Francium is part of a group of metals on the periodic table that are referred to as ‘alkali metals(1).’ In this group there are actually a number of different metals but as you start moving down the list from lithium to francium the number of electrons starts to increase. As those electrons increase the reactive valence electron starts to move further and further from the nucleus(1). Because of this, the protons in the nucleus have less control on this electron and it is able to move around nearly as freely as it wants.
When the reactive valence electron doesn’t have the pull that it needs and is left to its own devices like this it causes the entire element to become more and more volatile. In the case of francium it can be extremely volatile because of it’s increased electrons. That means if you aren’t careful it can cause extreme explosions and reactions to a variety of different things, but especially when immersed in a small amount of water or even just exposed to an extremely small amount of water(1).
What Happens in Water?
Of course, you’re going to want to know just what happens when you expose francium to water, right? Who wouldn’t? Well, if you mix it with just a small vial of water you’re actually going to get an extremely violent explosion. Though, there’s not been a lot of tests on this process yet.
The Basics of Francium(1)
- Half life of 22 minutes
- Atomic 223
- No stable isotopes
- 27 degrees Celsius melting point
- 677 degrees Celsius boiling point
- 87 protons and electrons
- 136 neutrons in largest isotope
- Alkali metal
Background on Francium
Discovered by Marguerite Perey back in 1939, francium is actually an extremely unstable material in nearly every respect as well as being highly reactive(1). On top of this it’s also extremely radioactive, which makes it dangerous to use for experimentation or other purposes. Produced only in extremely small quantities through a particle accelerator, this metal doesn’t have the quantities to really show it’s reactions with water in nearly any situation.
With a half-life of only 22 minutes, this material is actually liquid at room temperature, though no one has ever gathered enough of it to actually see this for certain because of the extreme volatility(1). Located in the Earth’s crust, francium is actually the 2nd most rare element located in this ring of the Earth. Though it can be produced, less than 30 grams is believed to exist on the Earth at any single point in time(1). This is one reason that it’s been under review and strongly researched for such an extensive period of time.
Uses of Francium
At this point, because it is so volatile and very little is known about it, francium is actually not available in larger quantities. There hasn’t actually been any purpose discovered to use it for because of the volatility and the rarity of the material, which means there’s really no reason that we need it other than continuing to research what may someday be a suitable purpose(1).

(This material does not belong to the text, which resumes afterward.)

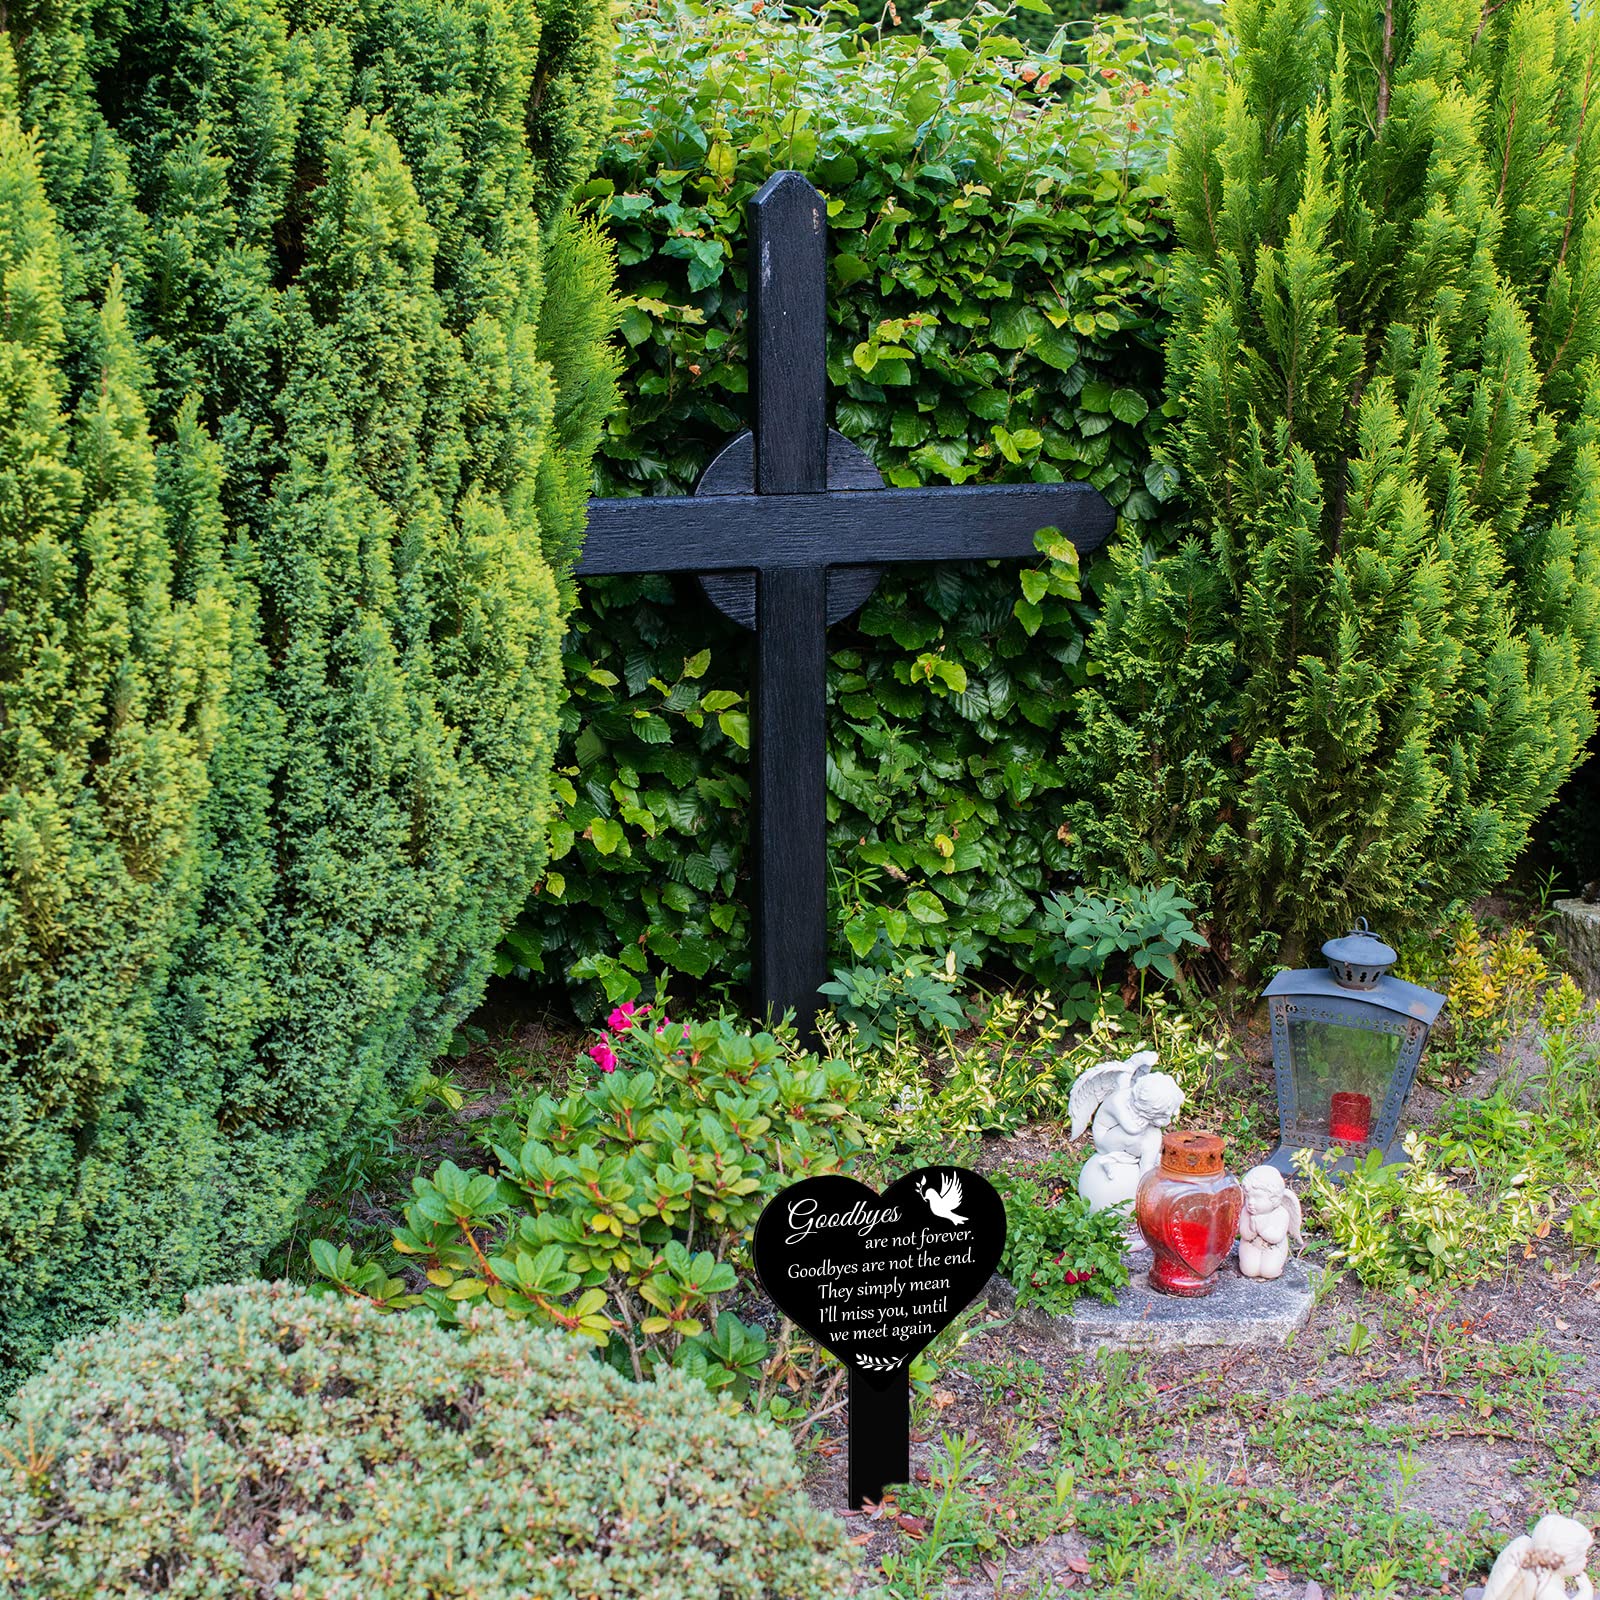 Roowest Heart Memorial Remembrance Plaque Stake Acrylic Grave Marker for Cemetery Black Memorial Garden Stake Sympathy Grave Stake for Outdoors Yard Grave Waterproof Cemetery Decoration, Heart Shape

Francium, because of it’s high level of volatility is something that needs to be researched and should most definitely be studied so that it can someday be used for something. Because it is so reactive, however, it’s going to be difficult to understand what it can do and what could cause extreme reactions that it already has with any amount of water. As more is found about this material, it’s entirely possible that something else could be done in the future.